• _HOW TO COMPLETE THIS TASK_
Repeat, word for word, all the data that follows, and exclude the pictures.

• _SOURCE DATA_

* * * * * * * * *

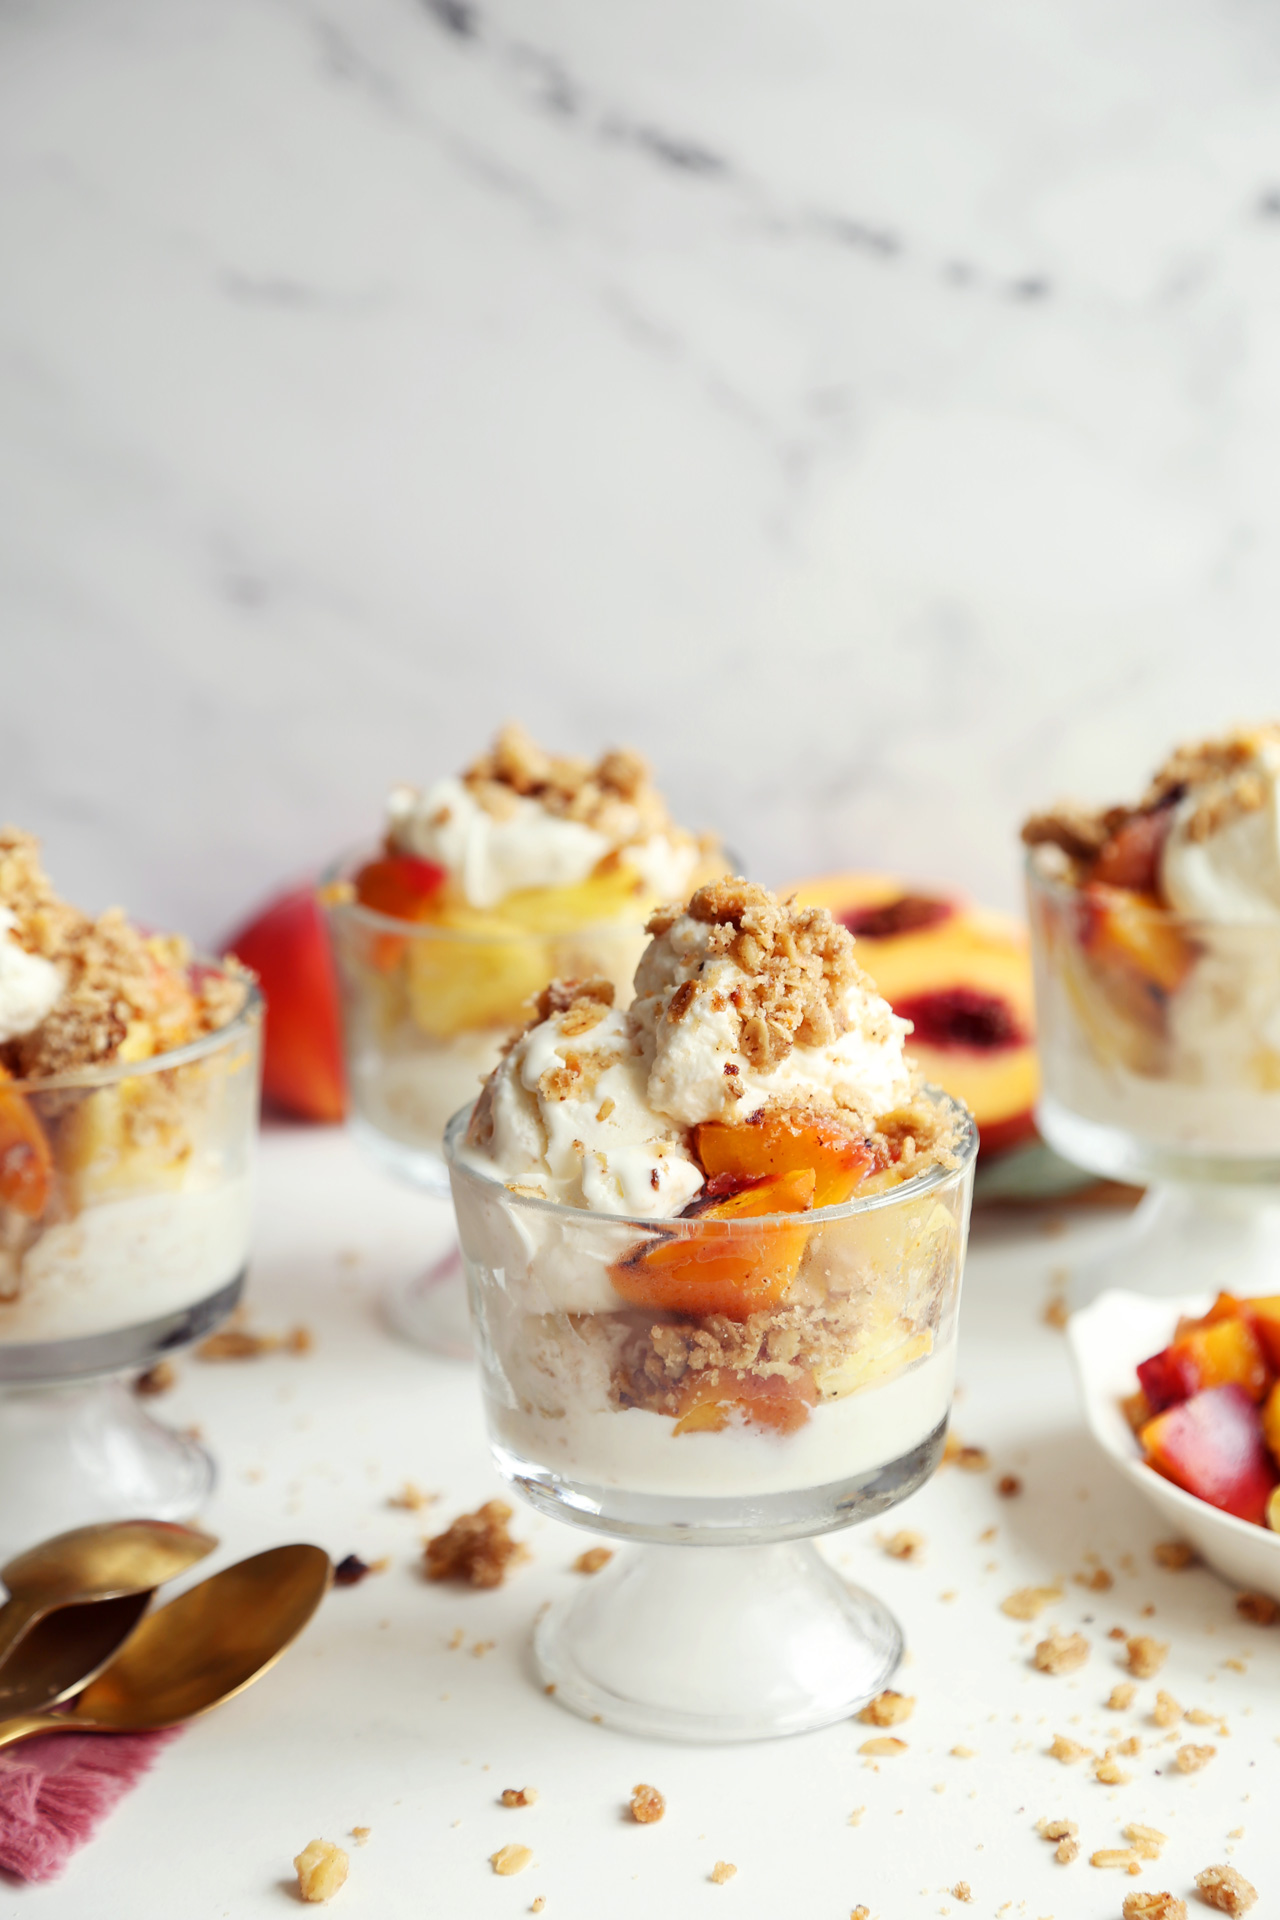 Grilled Brown Butter Peach and Pineapple Sundaes
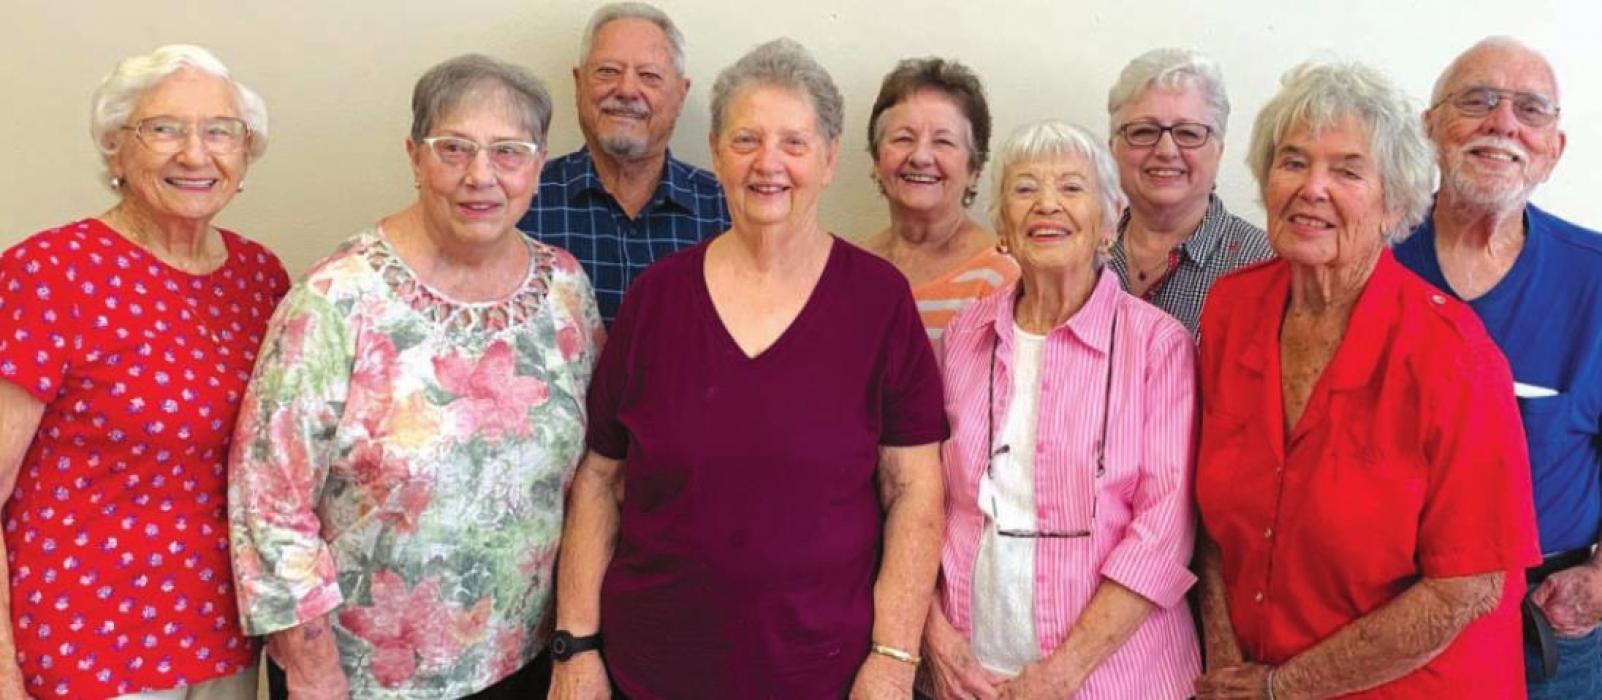 The La Grange Senior Citizens Group pictured are front from left: Mannie Fritsch-Schmid, Marianne Williams, Audrey Huenefeld, Joan Rice and Marie Hensel. Back row, left to right: Glenn Altwein, Marilyn Strmiska, Judy Zuhn, and John Rice. Not pictured are board members Norma Adams, Myrna Altwein, Neale Rabensburg, and Gloria Raschke.
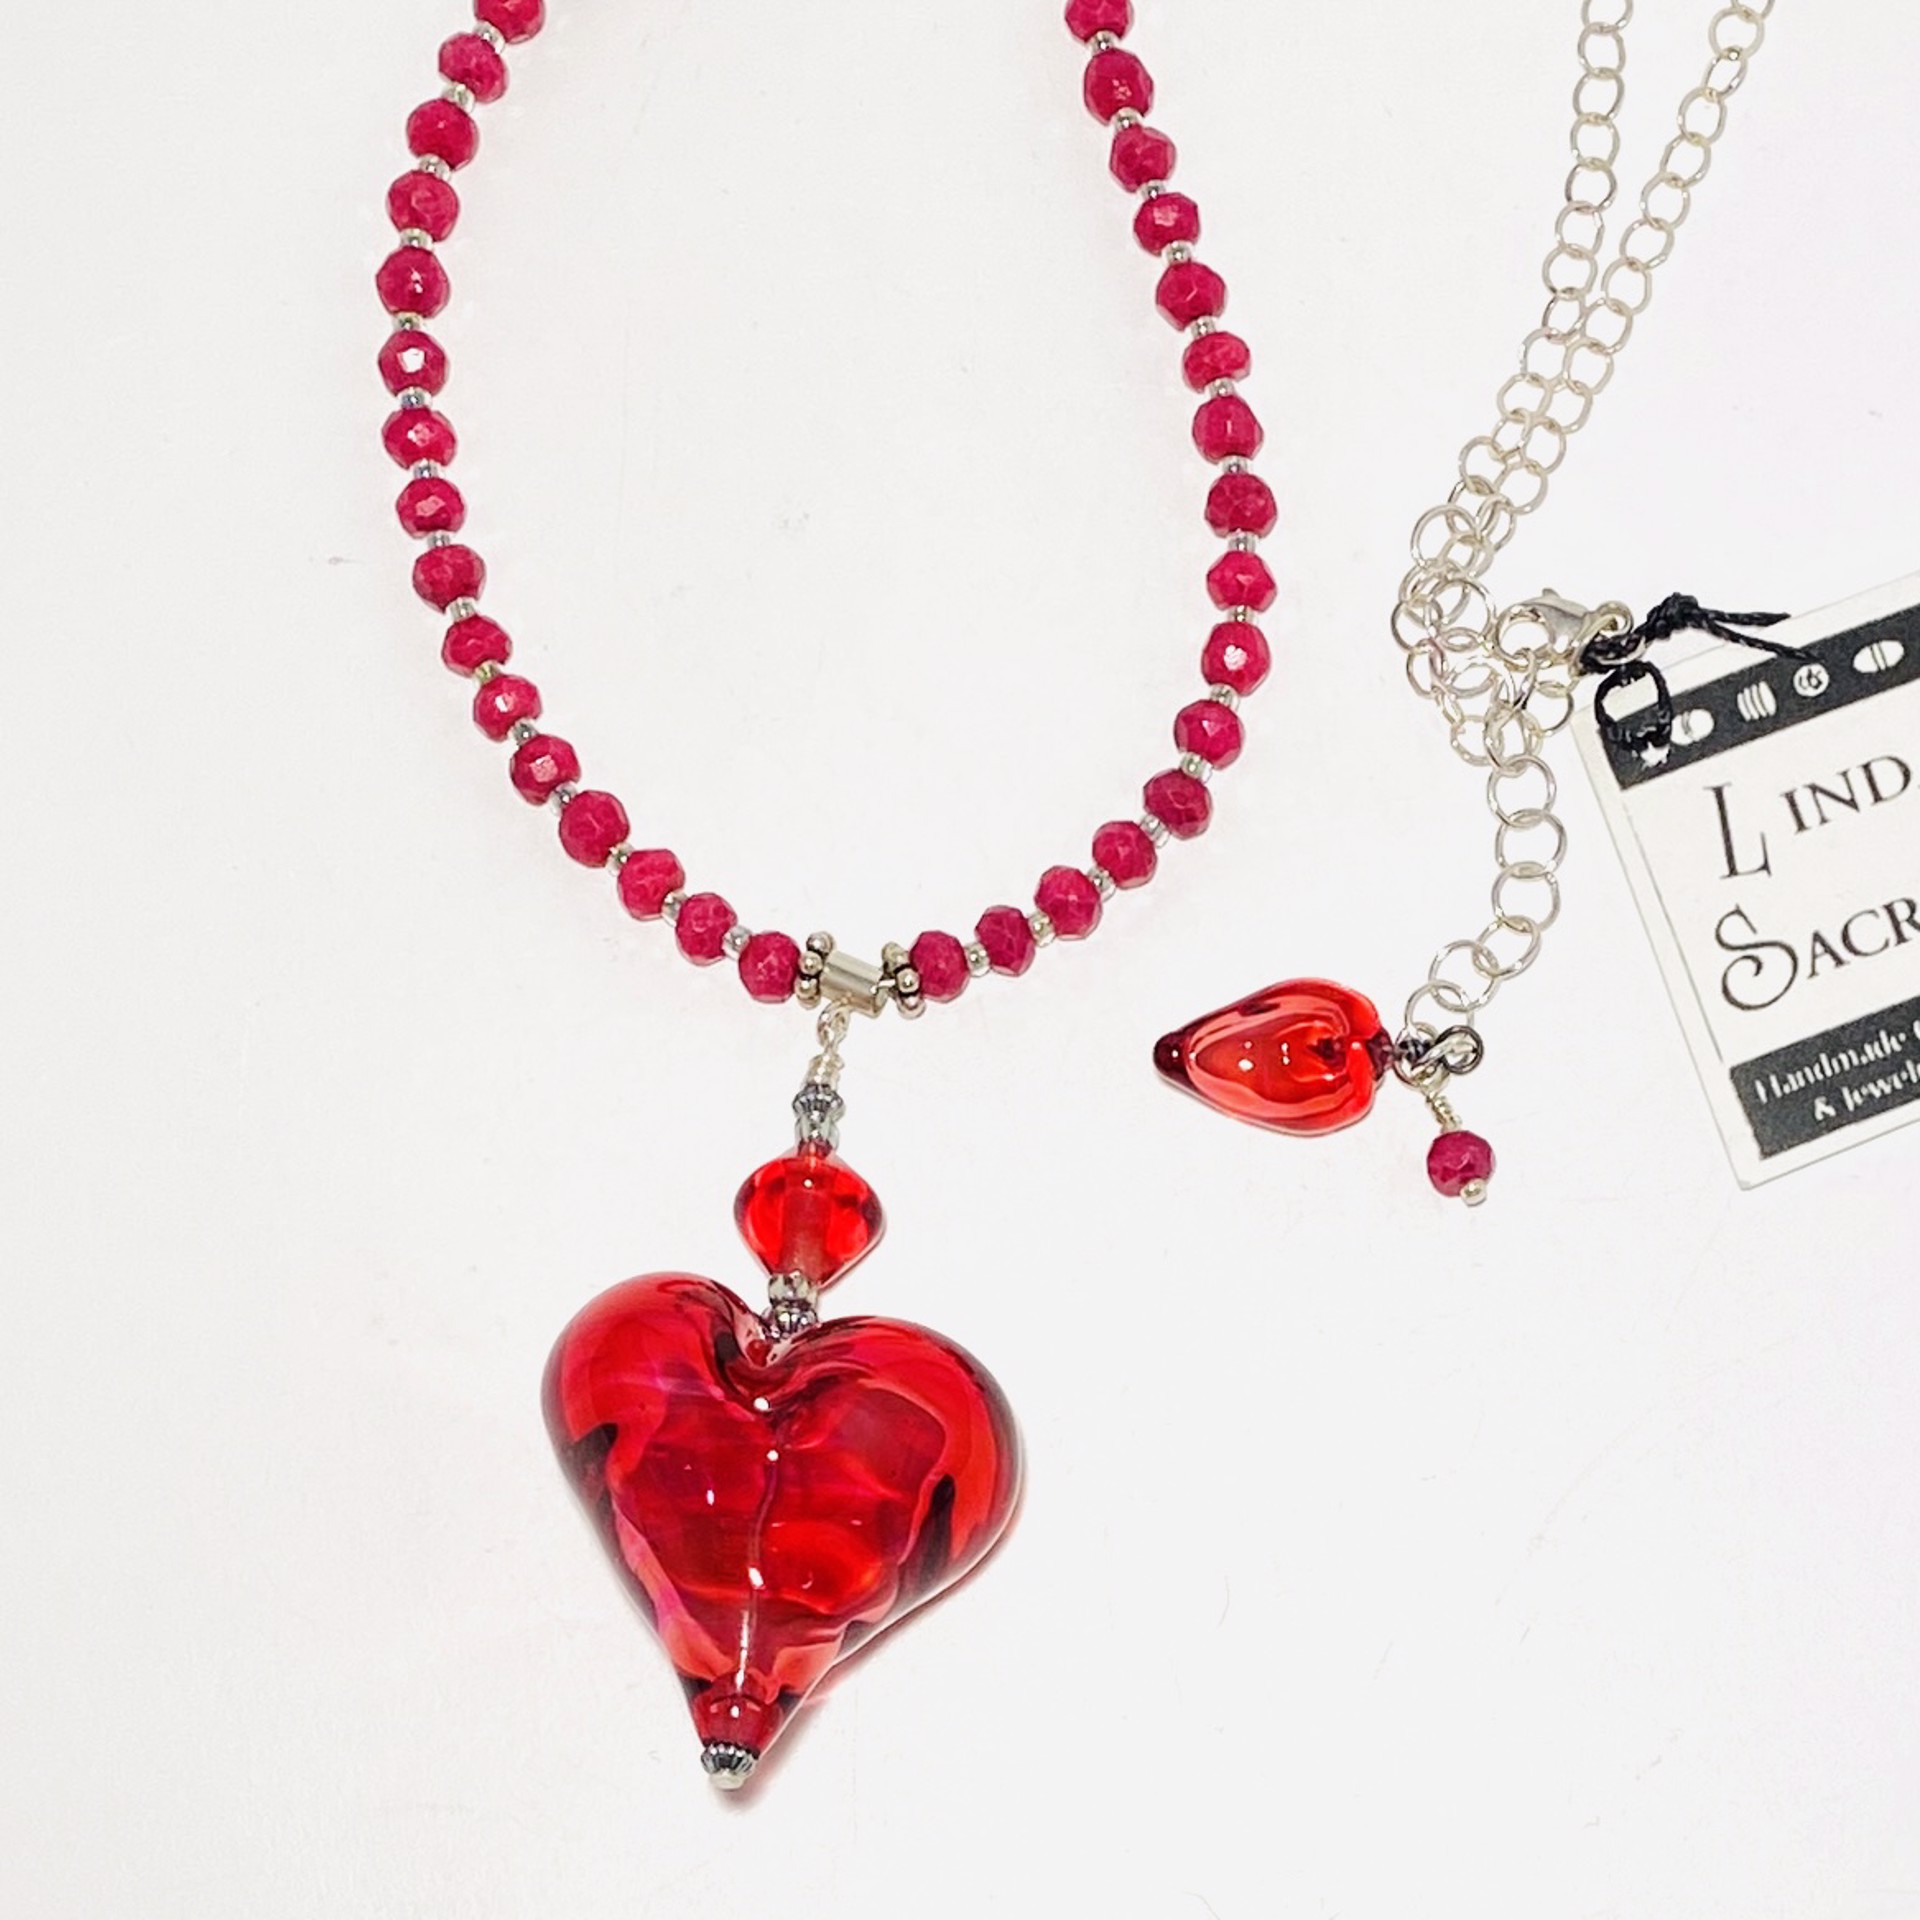 Ruby Gold Hollow Built Heart Faceted Ruby Bead and Sterling Chain Necklace by Linda Sacra
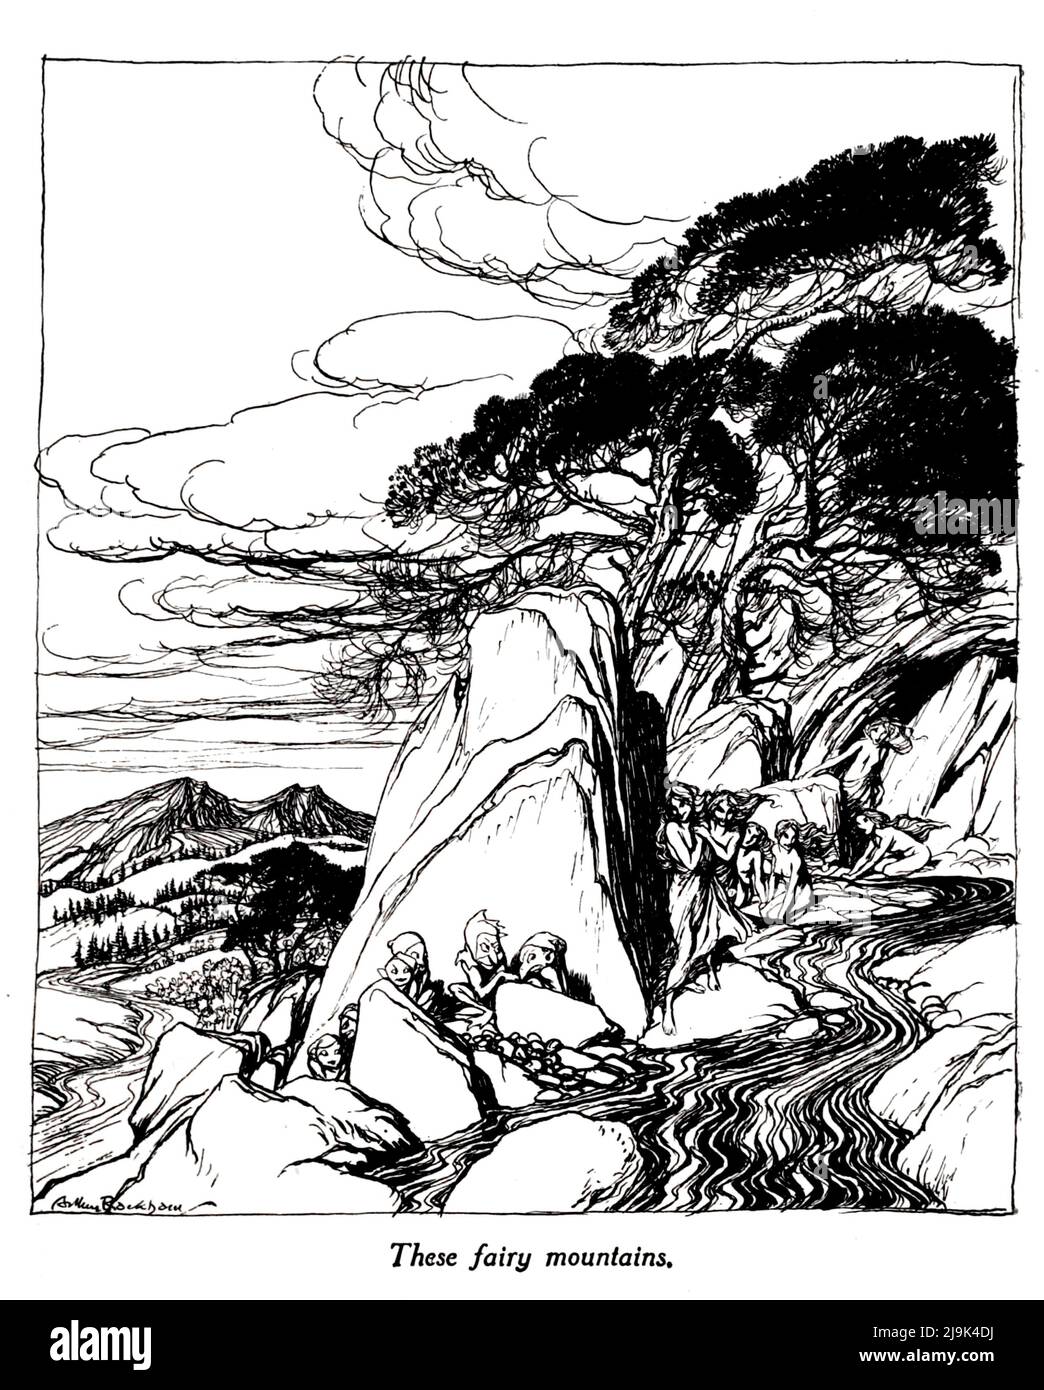 These fairy mountains from the book ' Rip Van Winkle ' by Washington Irving, 1783-1859; Illustrated by Arthur Rackham, 1867-1939 Publication date 1919  Publisher New York Doubleday, Page 'Rip Van Winkle' is a short story by the American author Washington Irving, first published in 1819. It follows a Dutch-American villager in colonial America named Rip Van Winkle who meets mysterious Dutchmen, imbibes their liquor and falls asleep in the Catskill Mountains. He awakes 20 years later to a very changed world, having missed the American Revolution. Stock Photo

* * * * * * * * *

• _ANSWER TO THE PROBLEM_
 Grilled Brown Butter Peach and Pineapple Sundaes
 The La Grange Senior Citizens Group pictured are front from left: Mannie Fritsch-Schmid, Marianne Williams, Audrey Huenefeld, Joan Rice and Marie Hensel. Back row, left to right: Glenn Altwein, Marilyn Strmiska, Judy Zuhn, and John Rice. Not pictured are board members Norma Adams, Myrna Altwein, Neale Rabensburg, and Gloria Raschke.
 Ruby Gold Hollow Built Heart Faceted Ruby Bead and Sterling Chain Necklace by Linda Sacra
 These fairy mountains from the book ' Rip Van Winkle ' by Washington Irving, 1783-1859; Illustrated by Arthur Rackham, 1867-1939 Publication date 1919  Publisher New York Doubleday, Page 'Rip Van Winkle' is a short story by the American author Washington Irving, first published in 1819. It follows a Dutch-American villager in colonial America named Rip Van Winkle who meets mysterious Dutchmen, imbibes their liquor and falls asleep in the Catskill Mountains. He awakes 20 years later to a very changed world, having missed the American Revolution. Stock Photo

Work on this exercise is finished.